El creyente sabe que Dios no es para él una idea, pues lo ha sentido como fuego que abrasa, como caudal inagotable y limpio de agua que refrigera.
El creyente no piensa en Dios para poder decir de él algo novedoso o admirable, sino que se acerca a Dios para abrasarse en su fuego, busca a Dios para apagar en él la sed, y sólo dejará de agitarse cuando Dios sea para él el aire que respira, la luz que lo ilumina, la dicha que lo posee.
“Mi alma está sedienta de ti, Señor, Dios mío”. Éste es hoy el estribillo de nuestra oración responsorial: Palabras de fe para labios creyentes, palabras verdaderas sólo para quien haya conocido al Señor, para quien haya experimentado su fuerza, su gloria, su gracia y su amor.
“Mi alma está sedienta de ti, Señor, Dios mío”. Las palabras de la oración expresan a un tiempo plenitud y vacío, cercanía y ausencia, conocimiento y búsqueda. El orante –Jeremías, el salmista, Jesús de Nazaret, nuestra asamblea eucarística, la Iglesia entera- madruga por Dios para buscarlo mientras Dios camina con el orante y lo sostiene; tú tienes sed de Dios, aunque todo tu ser está unido a él; tienes ansia de Dios, ¡y cantas con júbilo a la sombra de sus alas! Dios es caudal inagotable de agua, y en su presencia nosotros somos siempre “como tierra reseca, agostada, sin agua”.
“Mi alma está sedienta de ti, Señor, Dios mío”. Las palabras de la oración han puesto a Dios en el centro de tu vida: “Tu amor me sacó de mí. A ti te necesito, sólo a ti. Ardiendo estoy día y noche, a ti te necesito, sólo a ti… Tu amor disipa otros amores, en el mar del amor los hunde. Tu presencia todo lo llena. A ti te necesito, sólo a ti”[1], pues “tú eres el bien, todo bien, sumo bien, Señor Dios vivo y verdadero”. ¡Plenitud y vacío, cercanía y ausencia, conocimiento y búsqueda!

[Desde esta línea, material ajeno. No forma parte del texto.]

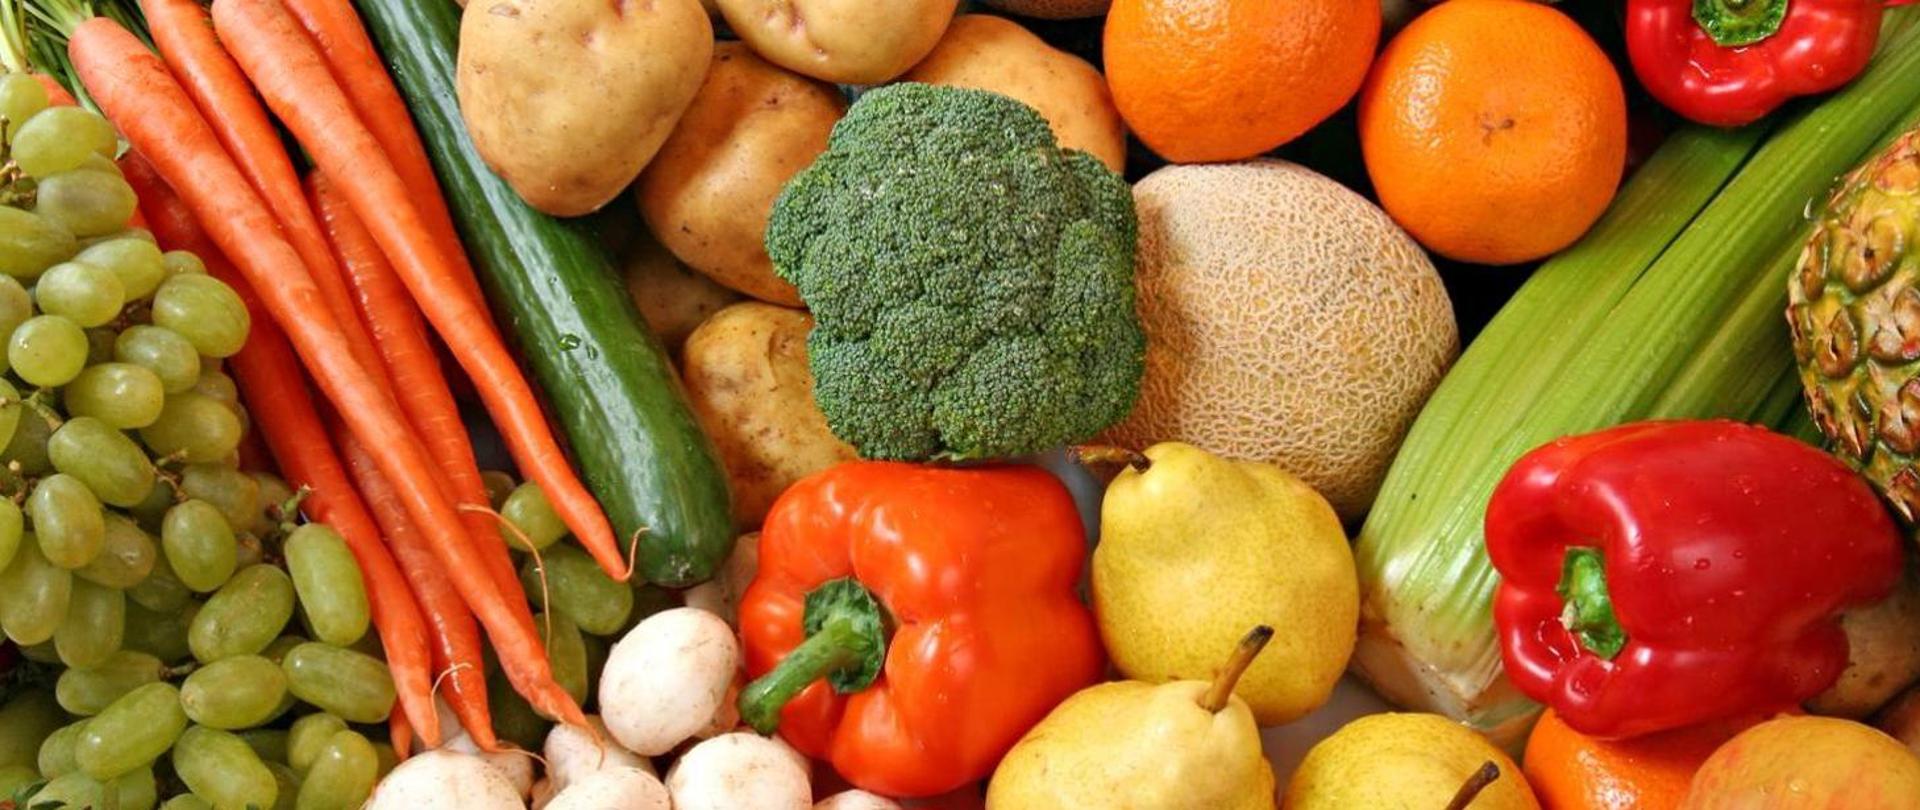 obraz przedstawia różnego rodzaju owoce i warzywa
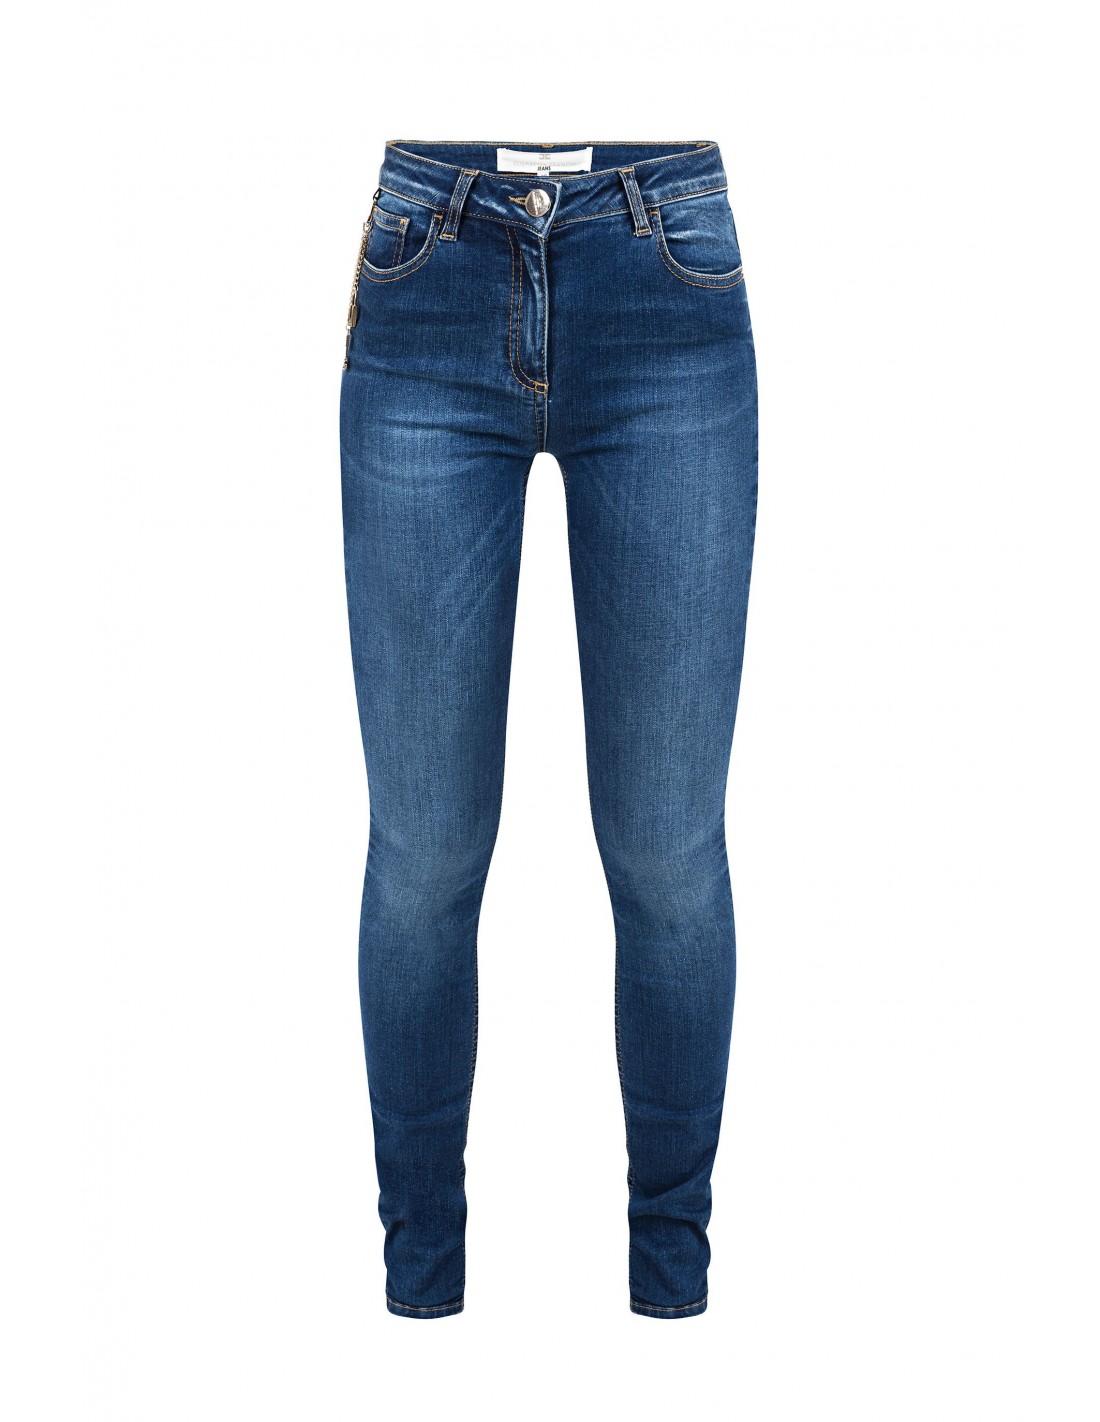 Jeans Con Cadenas Y Colgantes Elisabetta Franchi Altamoda Shop

De ti, Señor, dice tu profeta: “Me sedujiste, y me dejé seducir; me forzaste y me pudiste”. Lo cautivaste, Señor, con el atractivo de tu palabra, lo cegaste con el resplandor de tu belleza, y así lo llevaste a tu luz y a su noche, a tu fuego y a su oprobio, a tu gloria y a su cruz.
Considera la noche del profeta: “Yo era el hazmerreír todo el día; todos se burlan de mí… La Palabra del Señor se volvió para mí oprobio y desprecio todo el día”. Considera la noche oscura de Jesús: “Los que pasaban por allí le insultaban, meneando la cabeza y diciendo: Tú que destruyes el santuario y en tres días lo levantas, ¡sálvate a ti mismo, si eres Hijo de Dios, y baja de la cruz! Igualmente los sumos sacerdotes junto con los escribas y los ancianos se burlaban de él, diciendo: A otros salvó y a sí mismo no puede salvarse. Rey de Israel es: que baje ahora de la cruz, y creeremos en él. Ha puesto su confianza en Dios; que le salve ahora, si es que de verdad le quiere”.
Ahora ya puedes, Iglesia de Dios, mirarte a ti misma en el espejo de Cristo, pues otra cosa no eres que el cuerpo del Hijo que todavía está subiendo a Jerusalén, a su noche, al sufrimiento, a la muerte, a la vida. Mírate a ti misma en el espejo de los pobres, que otra cosa no son que el cuerpo de Cristo, tu propio cuerpo, subiendo a la noche de sus angustias.
Si estabas sedienta de Dios porque habías conocido su bondad y su hermosura, su gloria y su poder, ahora que has experimentado la noche, la de Cristo, la de los pobres, tu propia noche, eres delante de Dios como “tierra reseca, agostada, sin agua”. Tenías sed, y la noche hizo que la sed te devore, hasta hacer de ti pura sed de Dios.